Charles "Poss" Parsons

Biographical details
- Born: May 3, 1892 Mason City, Iowa, U.S.
- Died: August 26, 1942 (aged 50) West Yellowstone, Montana, U.S.
- Education: University of Iowa

Playing career
- 1911–1914: Iowa

Coaching career (HC unless noted)

Football
- 1915–1916: Trinity College (IA)
- 1917: Colorado Mines
- 1919–1921: Colorado College

Basketball
- 1919–1922: Colorado College

Administrative career (AD unless noted)
- 1916–1917: Trinity College (IA)

Head coaching record
- Overall: 18–10–2 (football, excluding Trinity)

Accomplishments and honors

Championships
- 1921–1922 Colorado College Men's Basketball MSAC Regular Season Championship

= Charles "Poss" Parsons =

American football player and coach (1892–1942)

Charles Lyman "Poss" Parsons (May 3, 1892 – August 26, 1942) was an American college football player and coach.
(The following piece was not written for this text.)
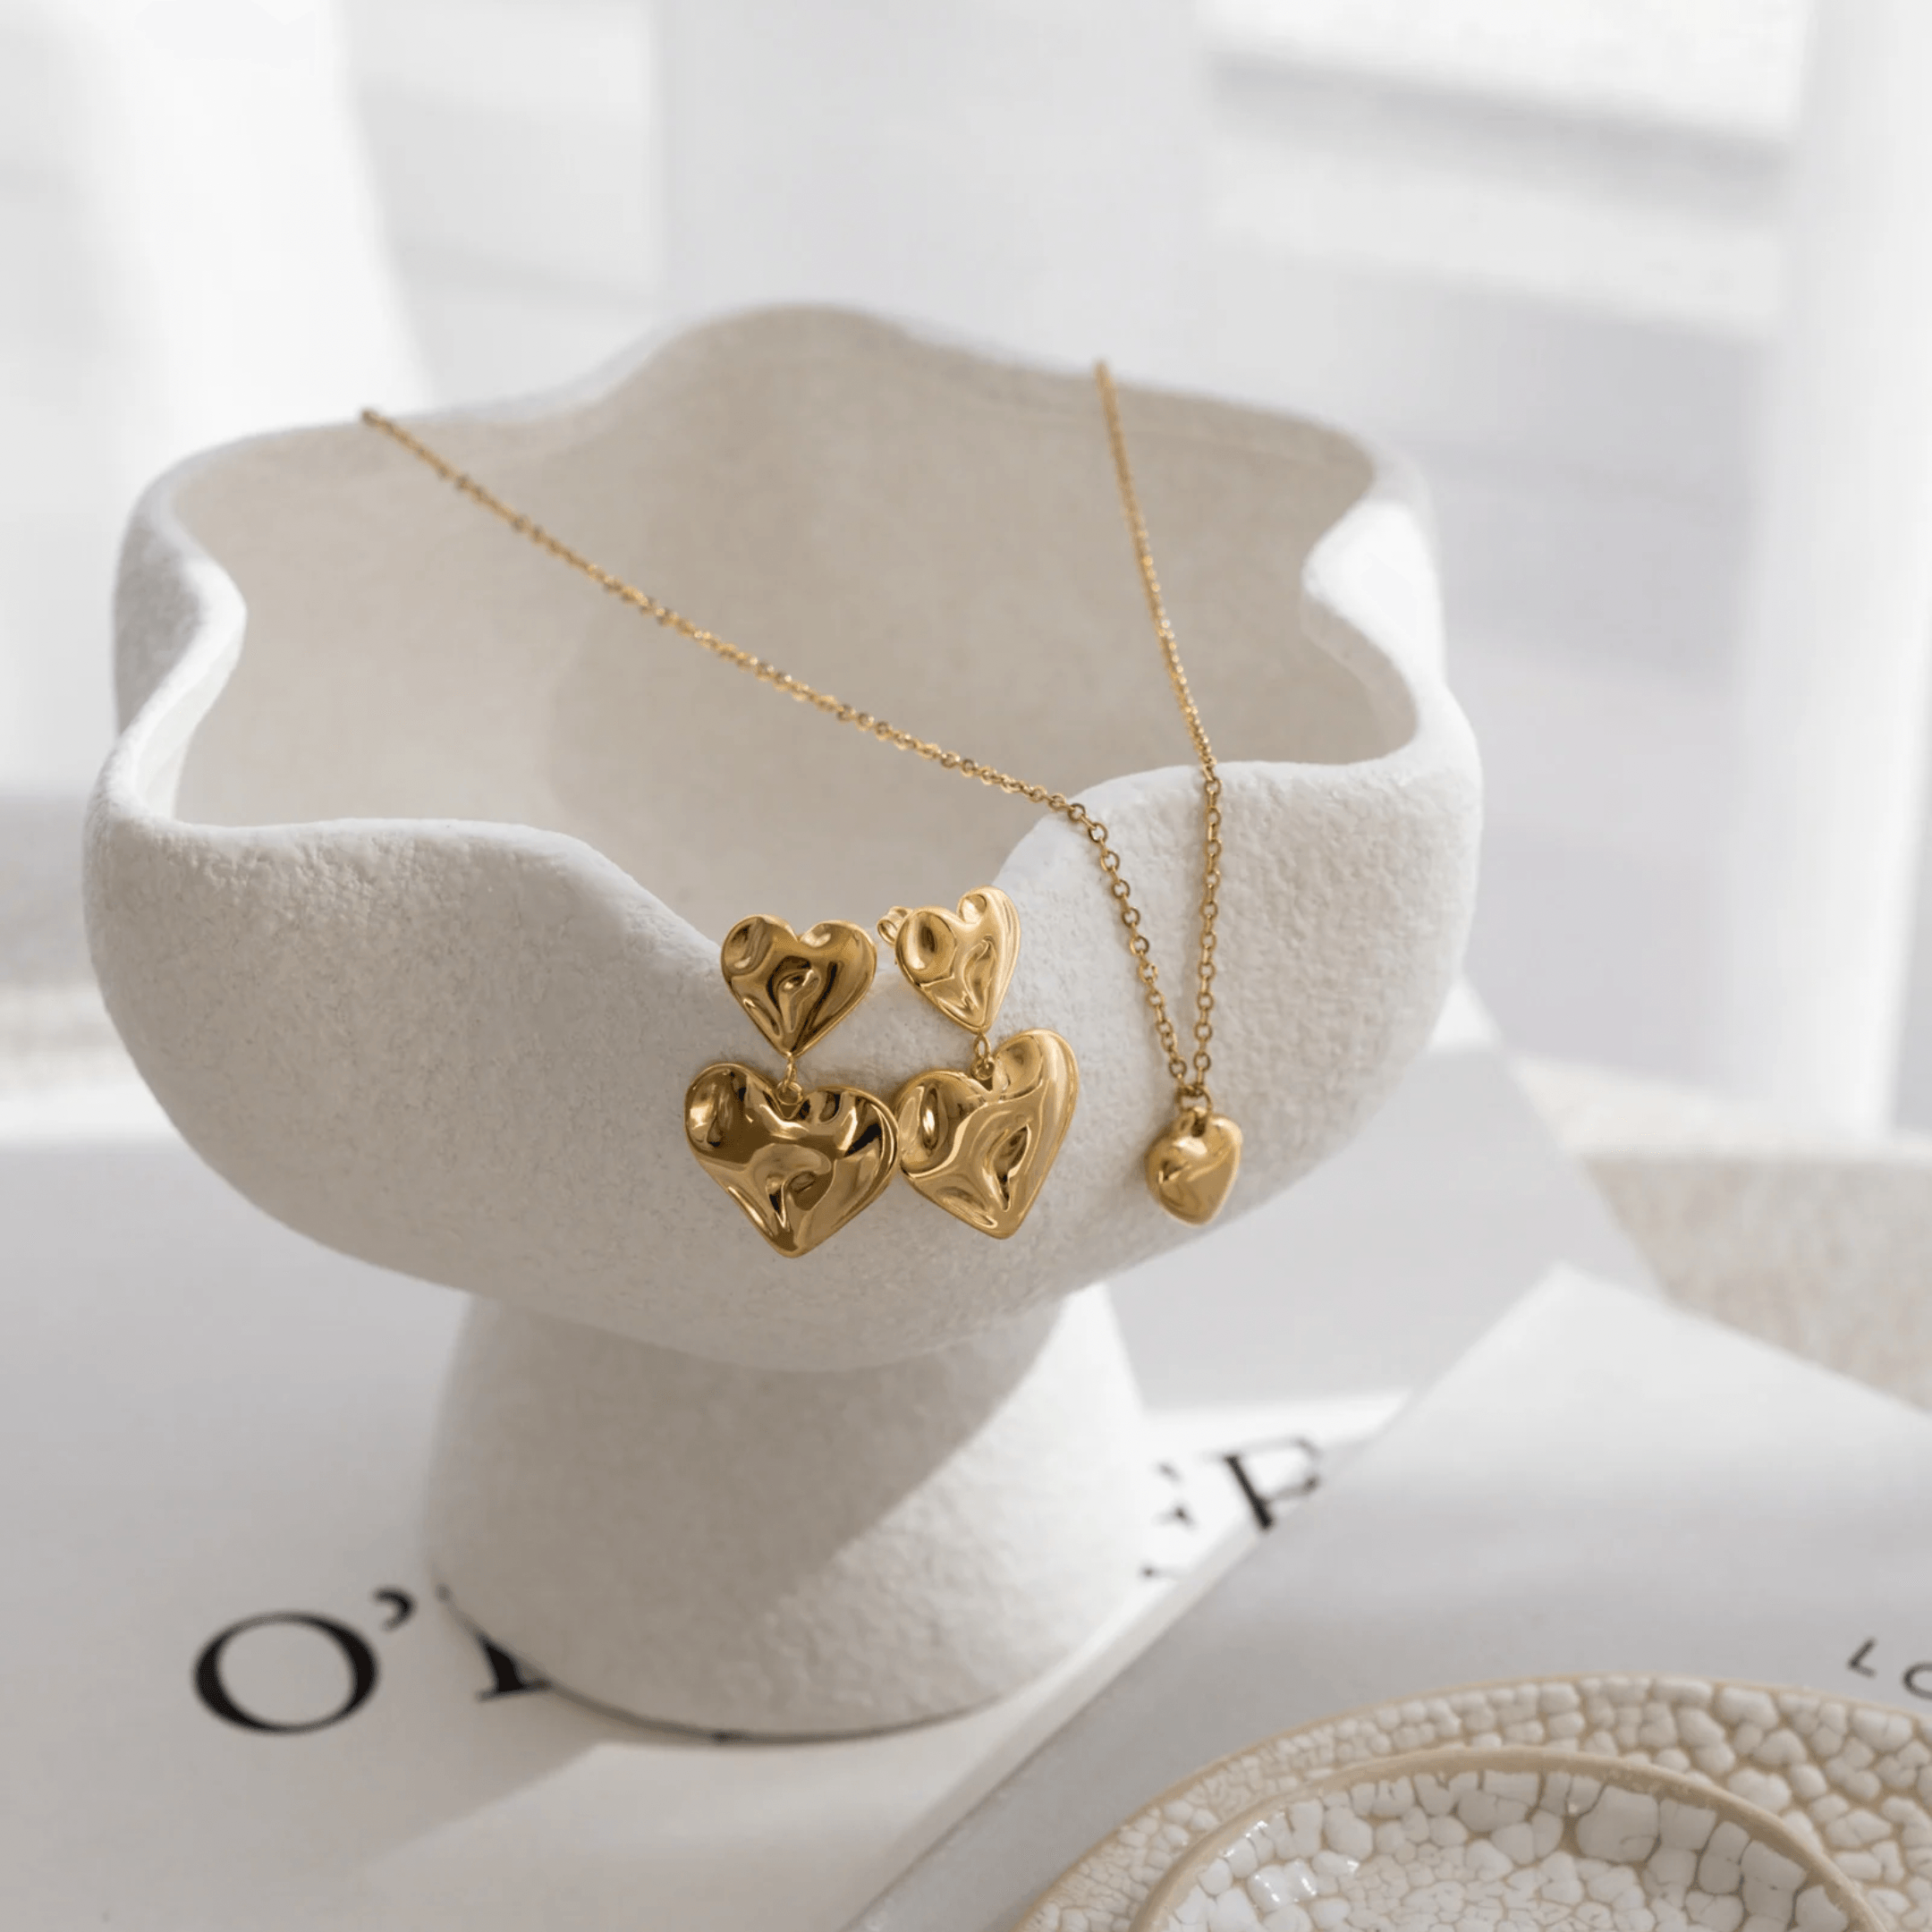 Asmara Heart Earrings - Gold - Drop Earrings, Gold, statement earrings - La Musa Jewellery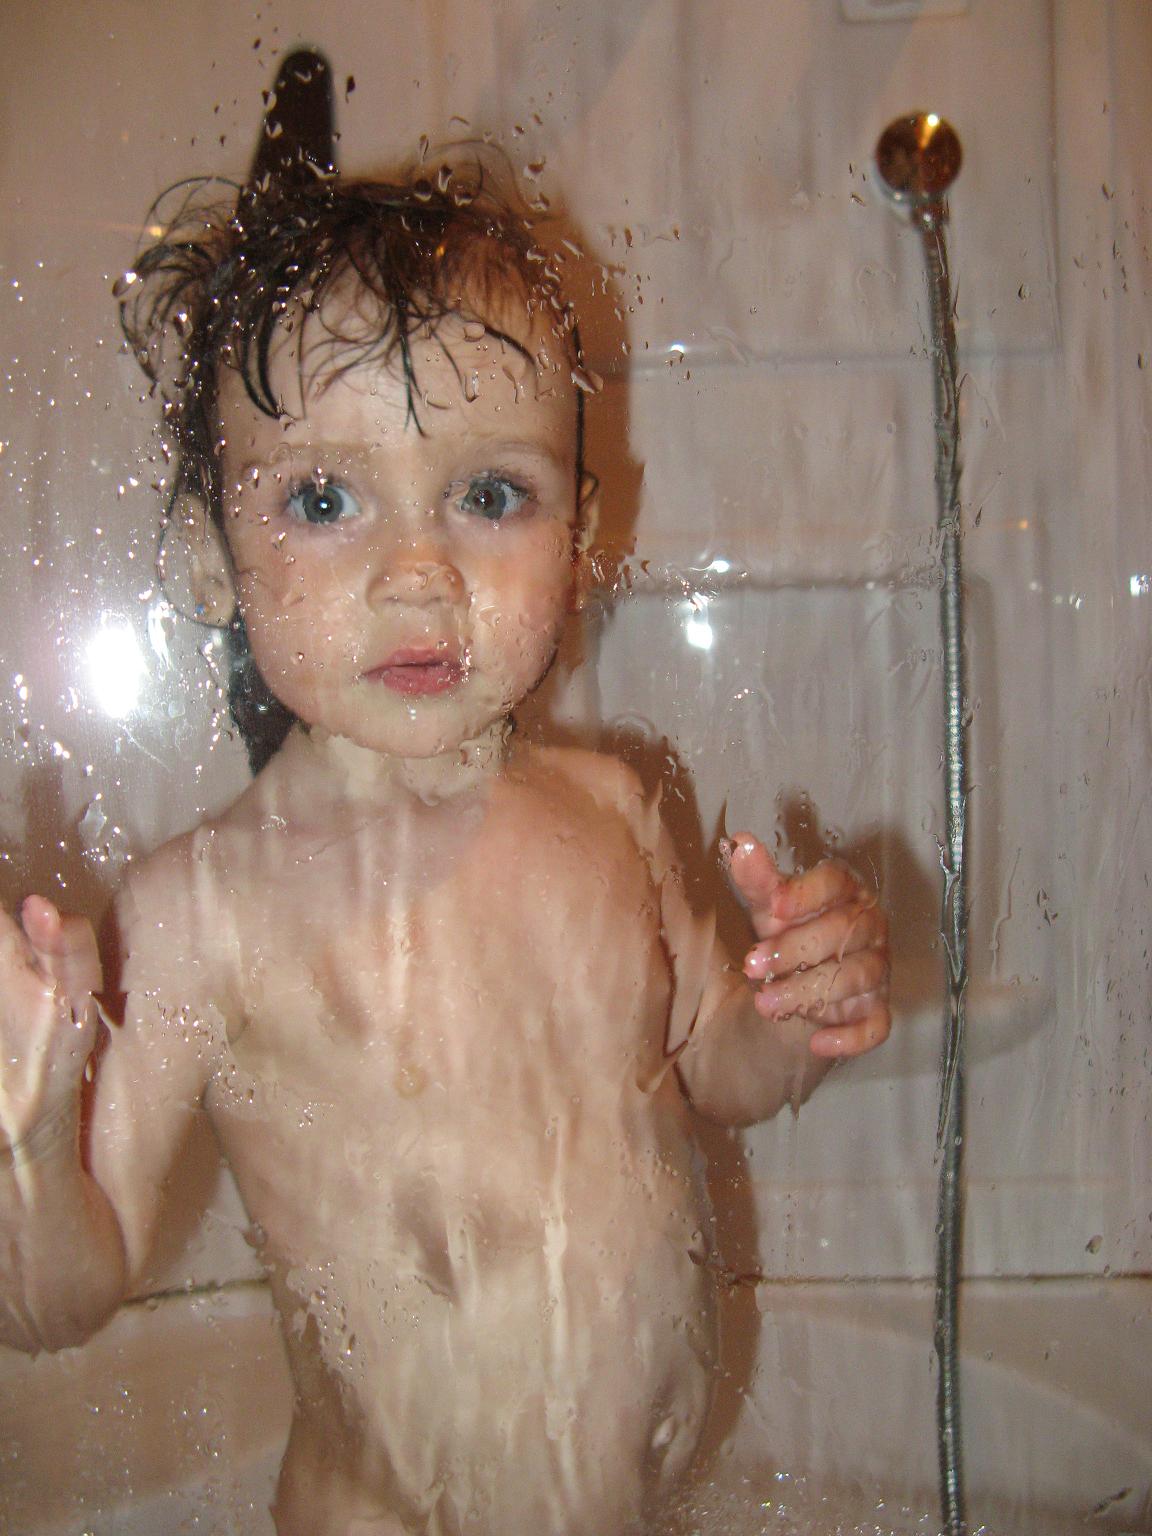 Дочь в душе видео. Маенькиедевочки в душе. Девочка купается в ванне. Девочка купается в душе. Маленькие дети моются.

He served as the Colorado School of Mines in 1916 and Colorado College from 1919 to 1921.

Parsons was the sports editor at the Denver Post from 1922–1941, and was posthumously inducted into the Colorado Sports Hall of Fame (Class of 1982).

Parsons died at his home in West Yellowstone, Montana, on August 26, 1942, at the age of 50.